Caliph’s gut sank. He whirled, exited the bridge and leapt back down the stairs, but it was too late. Even as he envisioned the holomorphic threads of darkness entangling the
Something appalling floated up over the starboard side. It was black against the deck lights, bobbing and strange. Caliph could not decipher its shape. He heard his men scream.
Caliph gripped the pommel of his sword and began unscrewing the safety ring that guarded the chemiostatic switch. A moment later the surrounding metal registered with him: stairs, deck, railings. He didn’t know how a beryllium steered bolt would behave under such conditions. Thinking better, he left the sword uncharged, retightened the ring and drew it from its scabbard.
But now the deck was quiet. There were shouts, possibly from starboard or aft. He couldn’t tell. Three bodies littered a blazing white circle flung from overhead magnesium lamps.
Caliph felt terrorized by the impossible alacrity of their deaths.
He looked aft into the murk beyond the cone of light. Where was Sena? How could three men die in an instant without a sound?

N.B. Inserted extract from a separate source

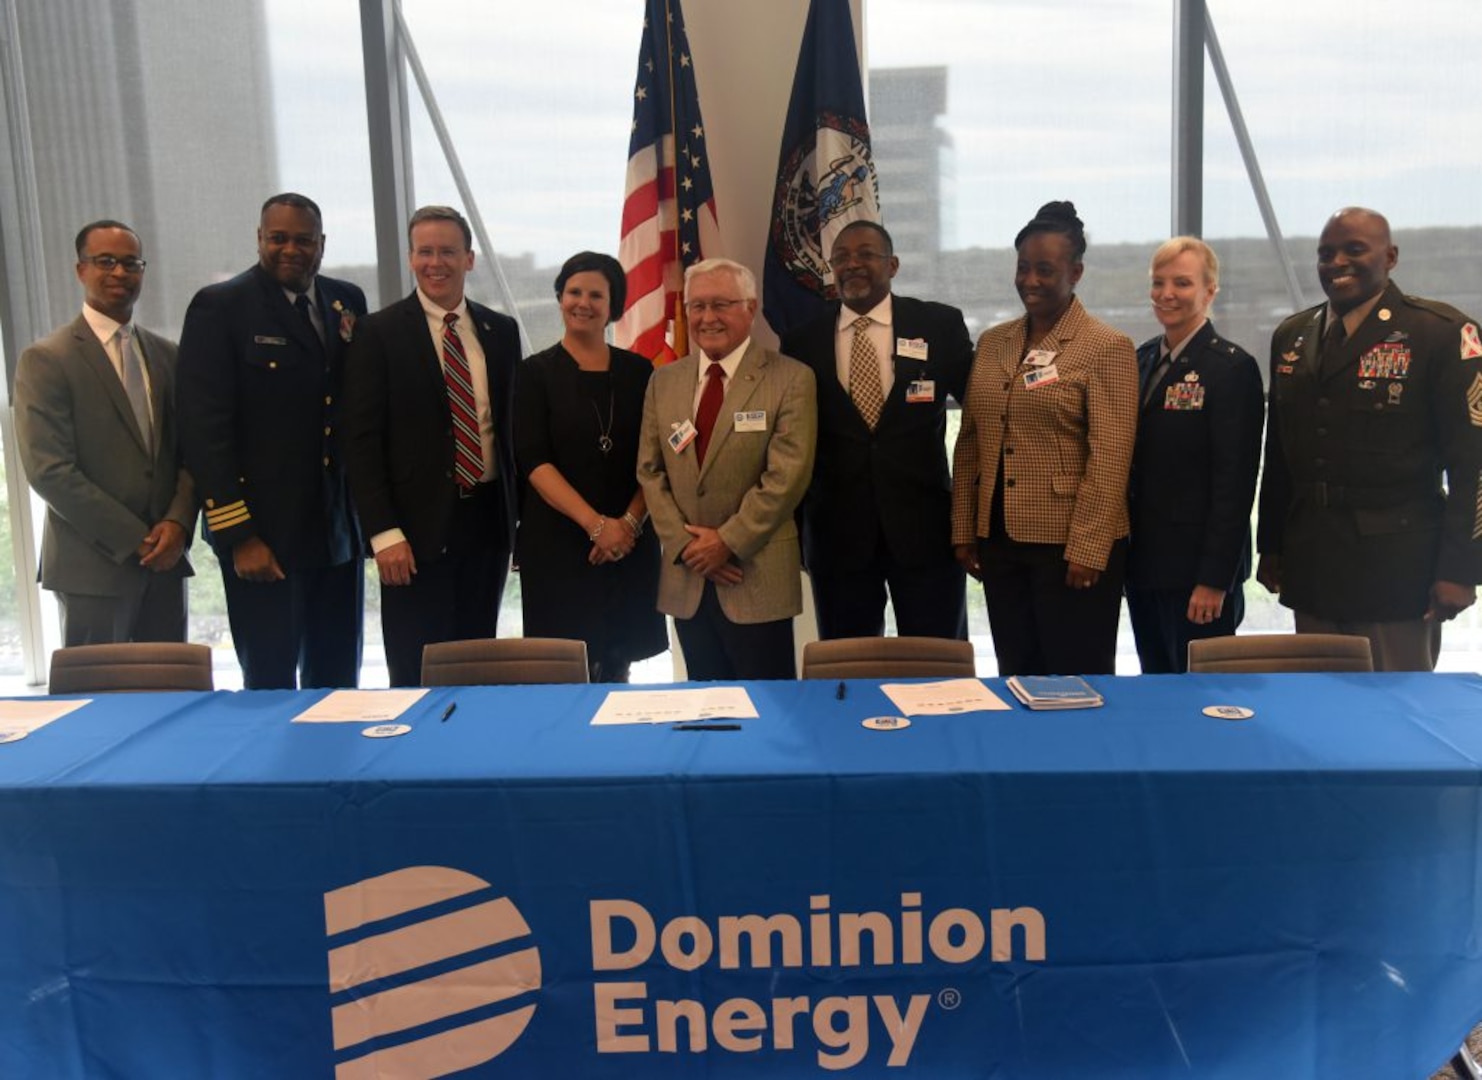 Dominion Energy pledges support of Guard employees during ceremony

Maybe they weren’t dead. He scanned for the floating shape and approached the bodies half-stooped, as if an additional six inches of clearance might offer some protection. The air, the wind, the sounds of the ship had become places of hiding, places that could disgorge improbable death.
Caliph glanced up repeatedly as he checked his men, willfully paranoid of sudden attack. After three hurried inspections he found no wounds and no pulses.
He listened.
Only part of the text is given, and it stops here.